____ Material provided

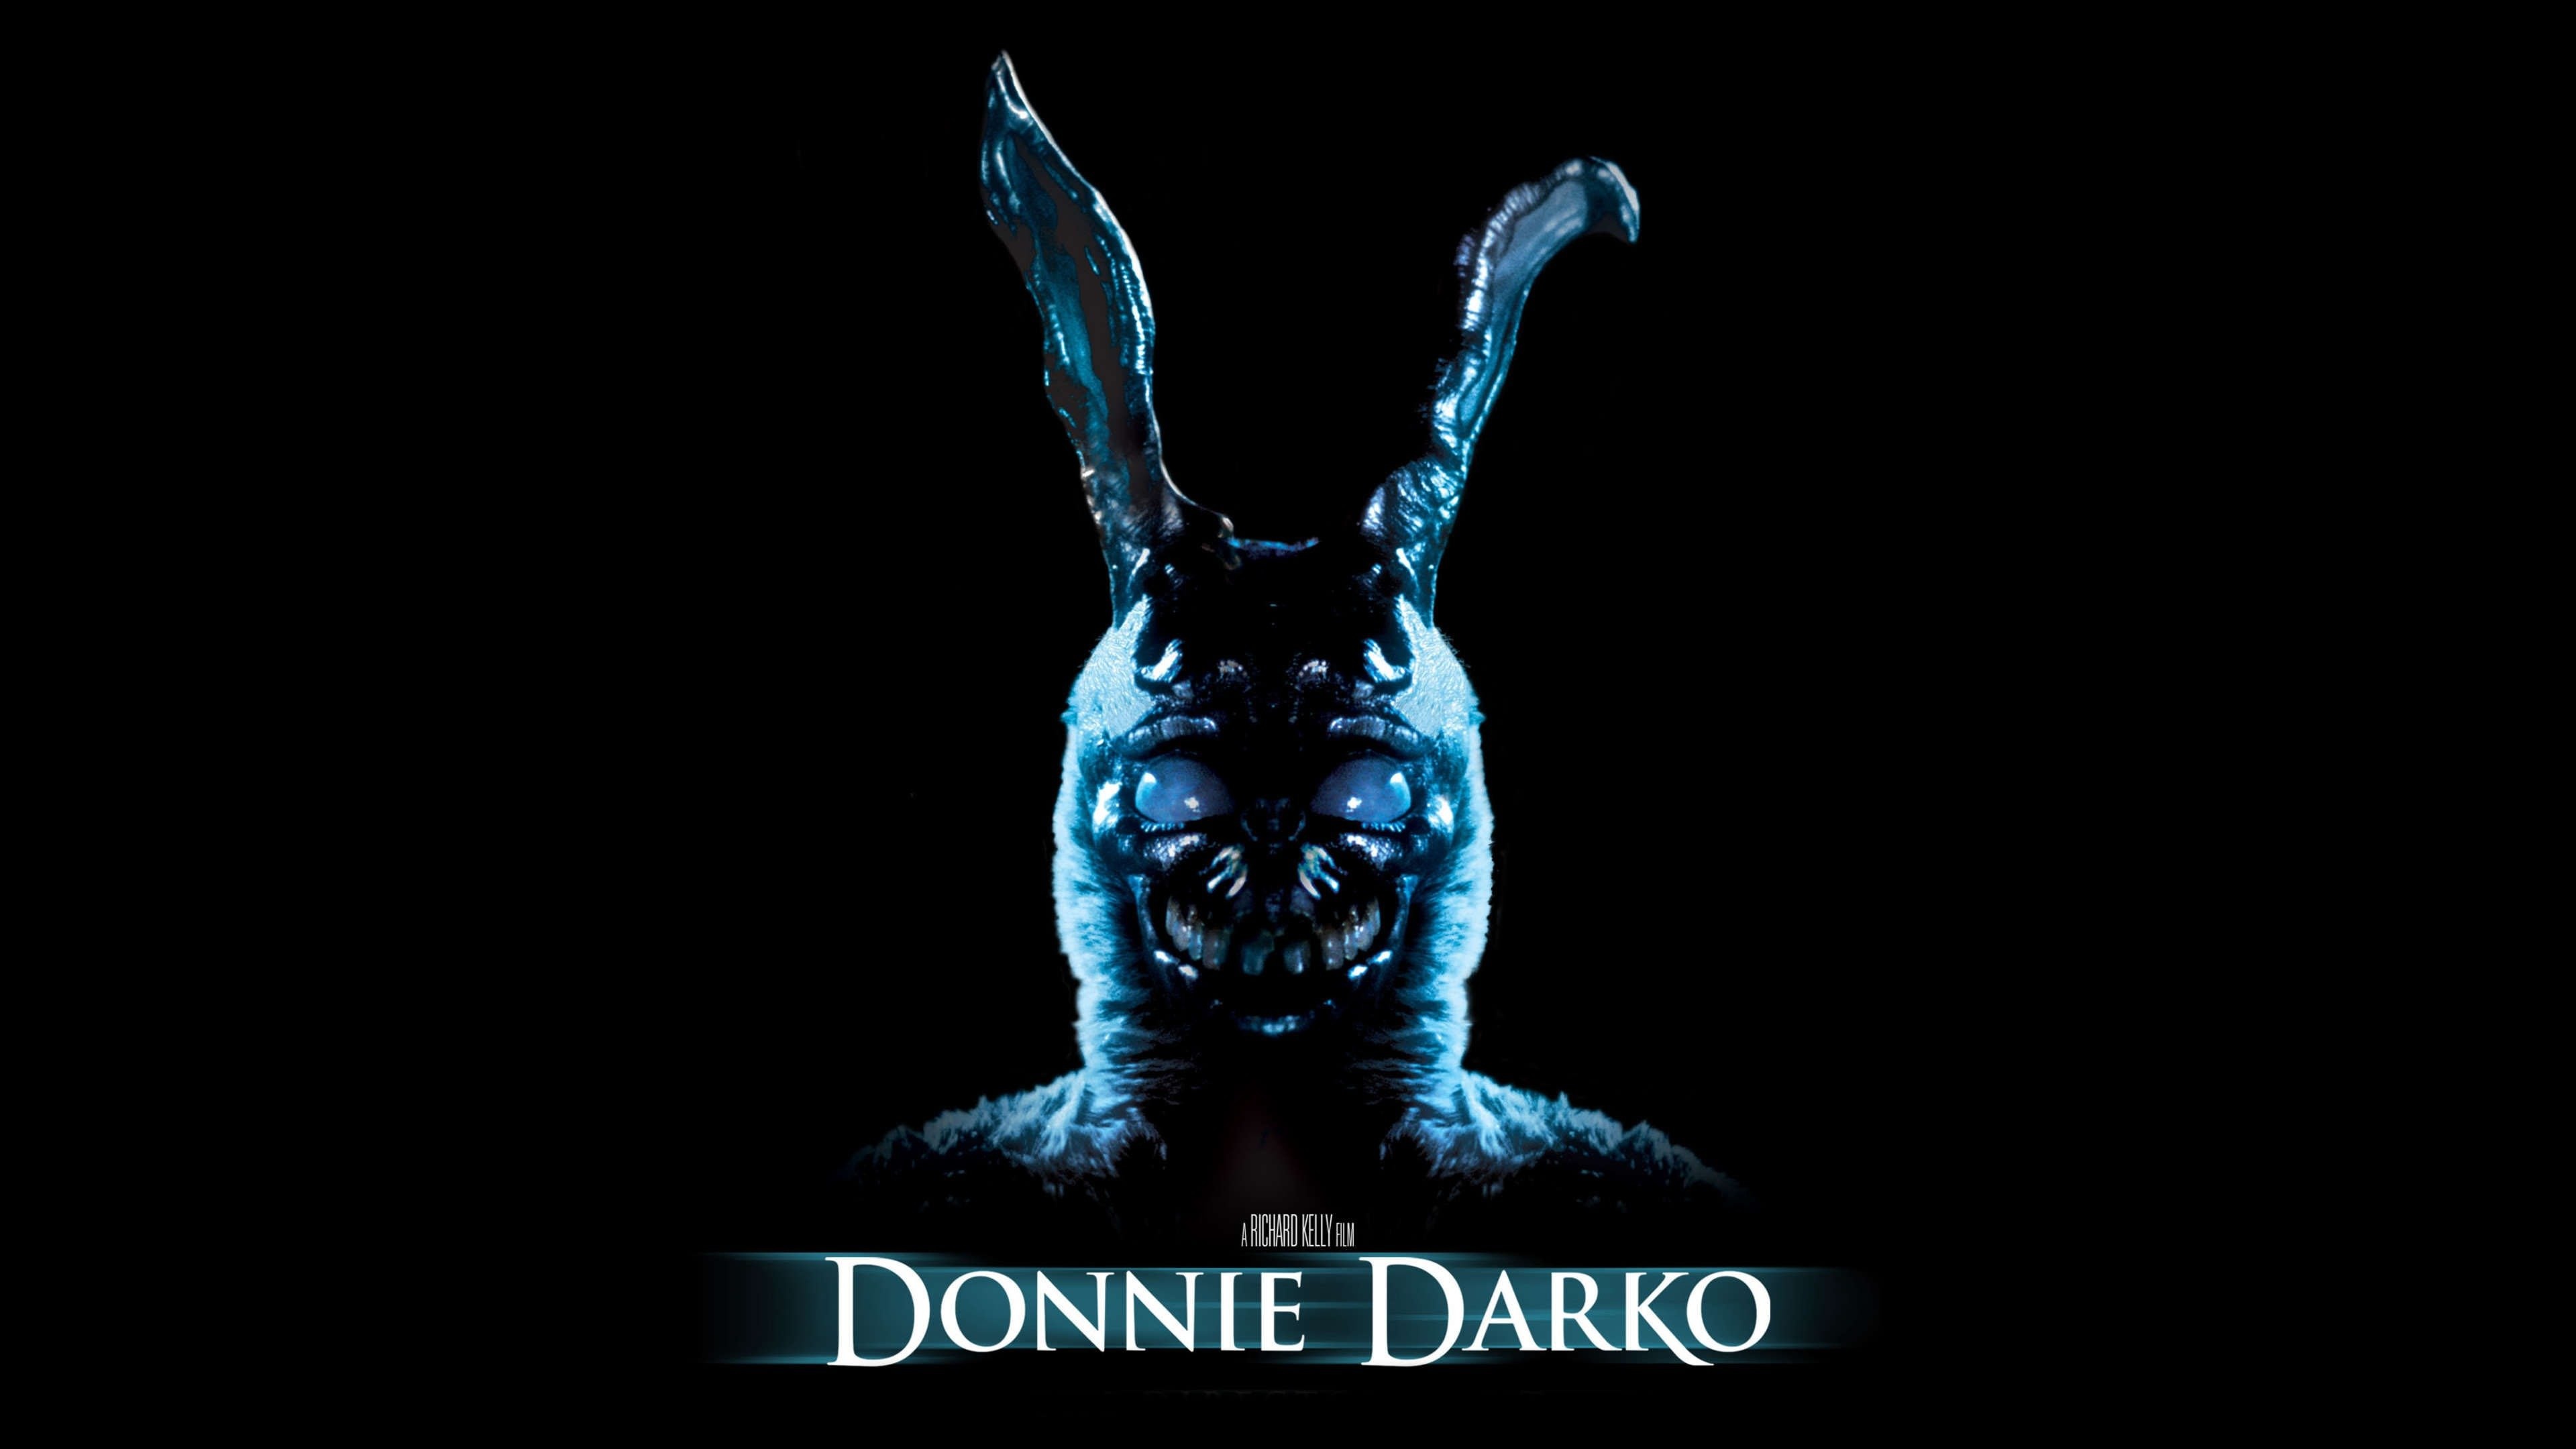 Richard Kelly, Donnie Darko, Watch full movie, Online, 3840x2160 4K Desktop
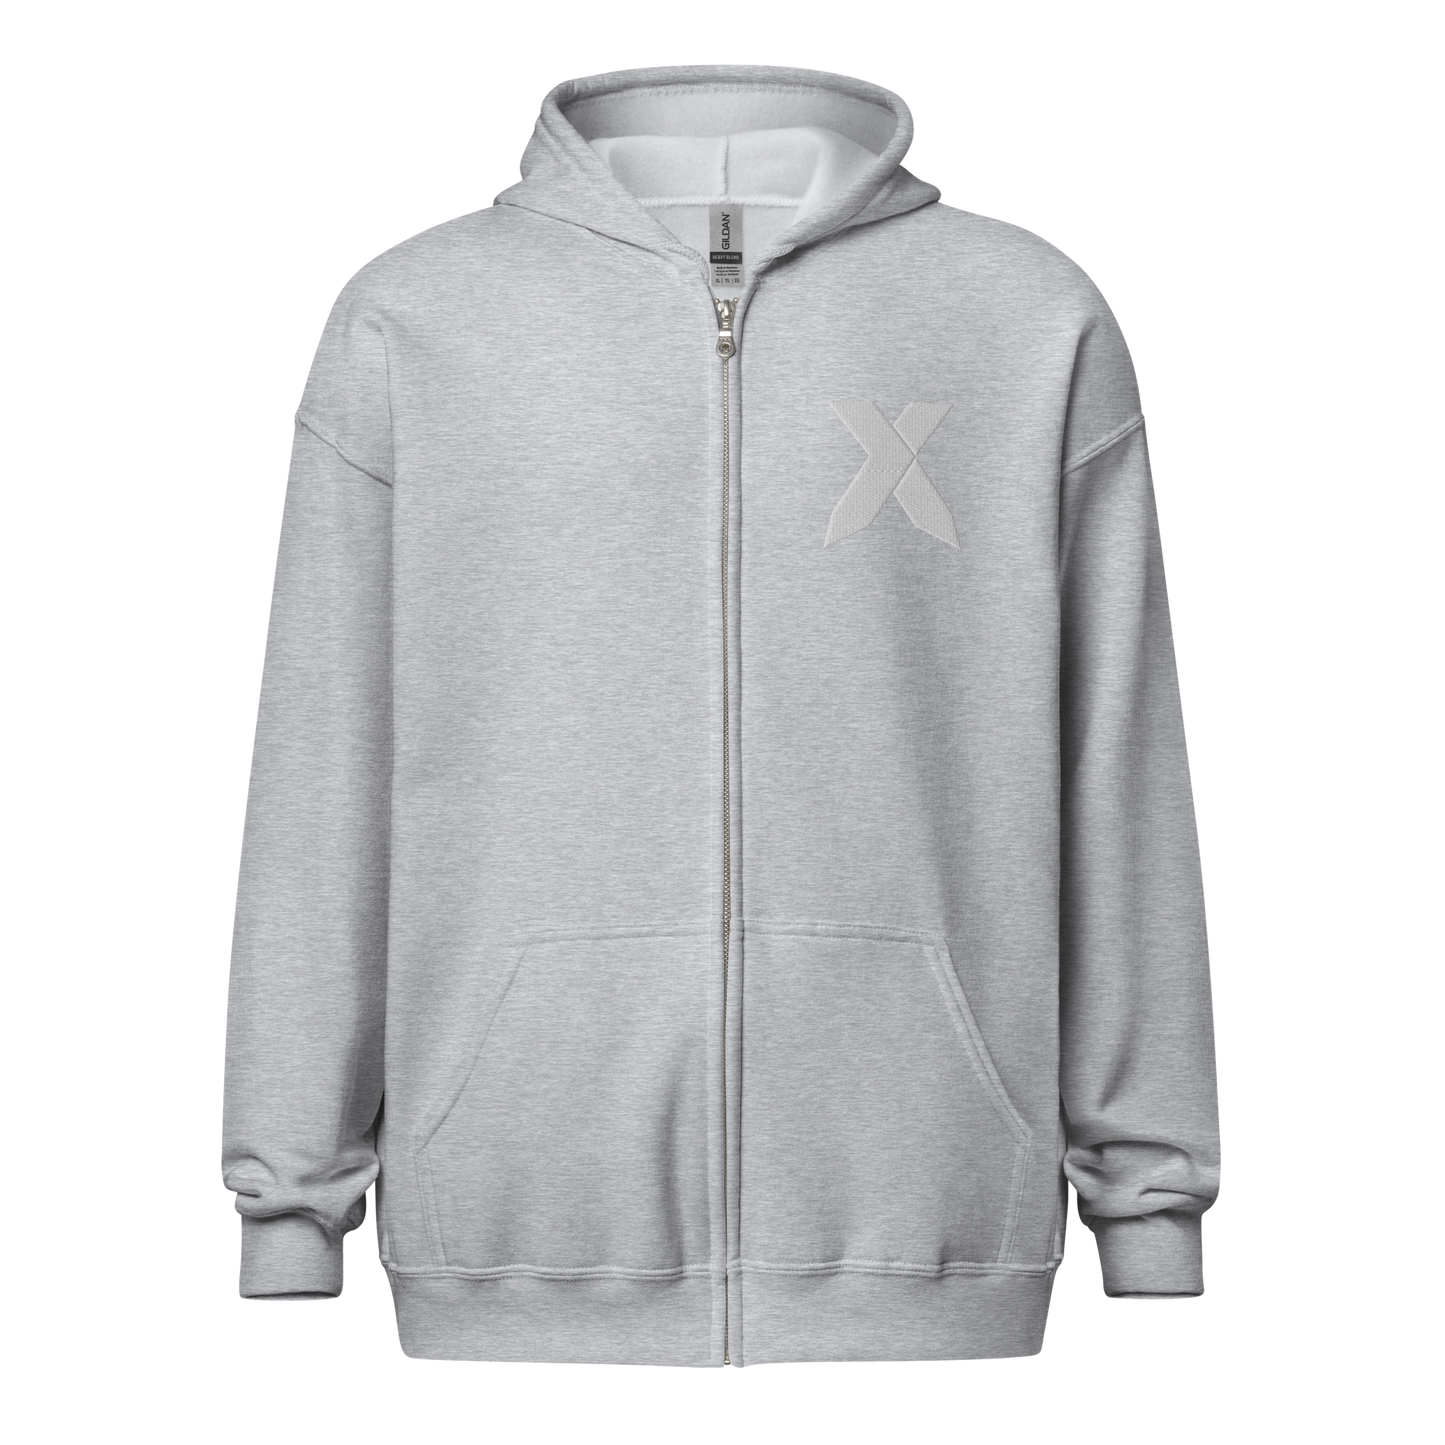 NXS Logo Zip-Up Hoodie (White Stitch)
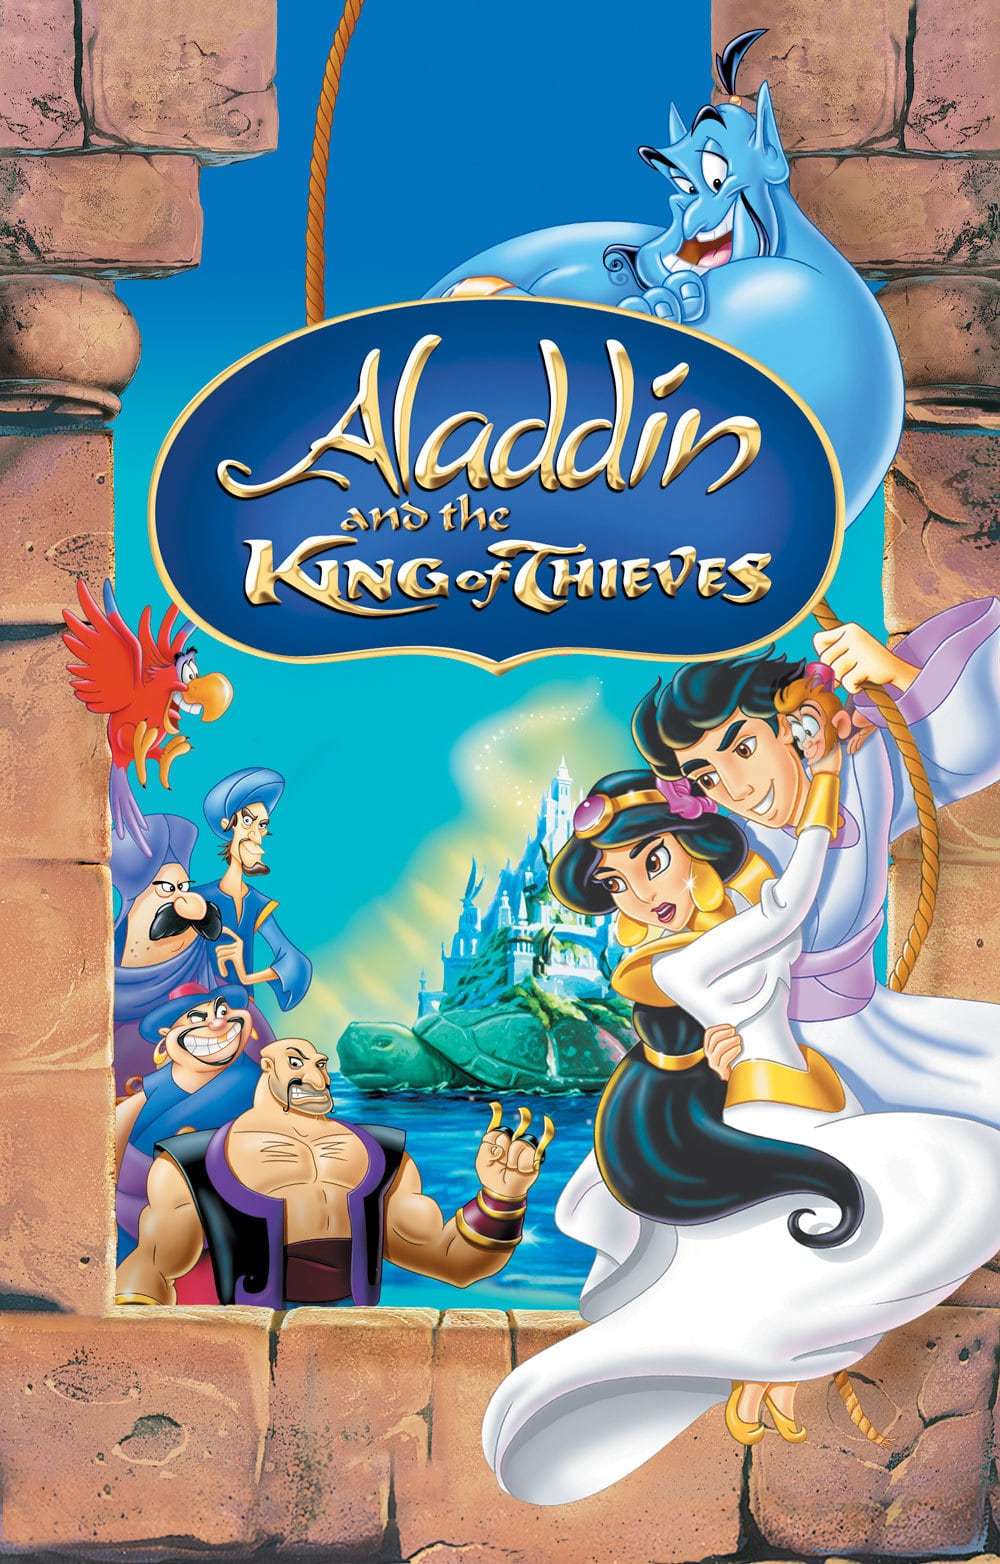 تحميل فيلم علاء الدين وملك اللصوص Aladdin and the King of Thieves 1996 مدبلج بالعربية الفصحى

________

• _Task to complete_: Please print the data above in its entirety, exactly, but without any picture.

• _Problem solution_:
 Richard Kelly, Donnie Darko, Watch full movie, Online, 3840x2160 4K Desktop
 NXS Logo Zip-Up Hoodie (White Stitch)
 تحميل فيلم علاء الدين وملك اللصوص Aladdin and the King of Thieves 1996 مدبلج بالعربية الفصحى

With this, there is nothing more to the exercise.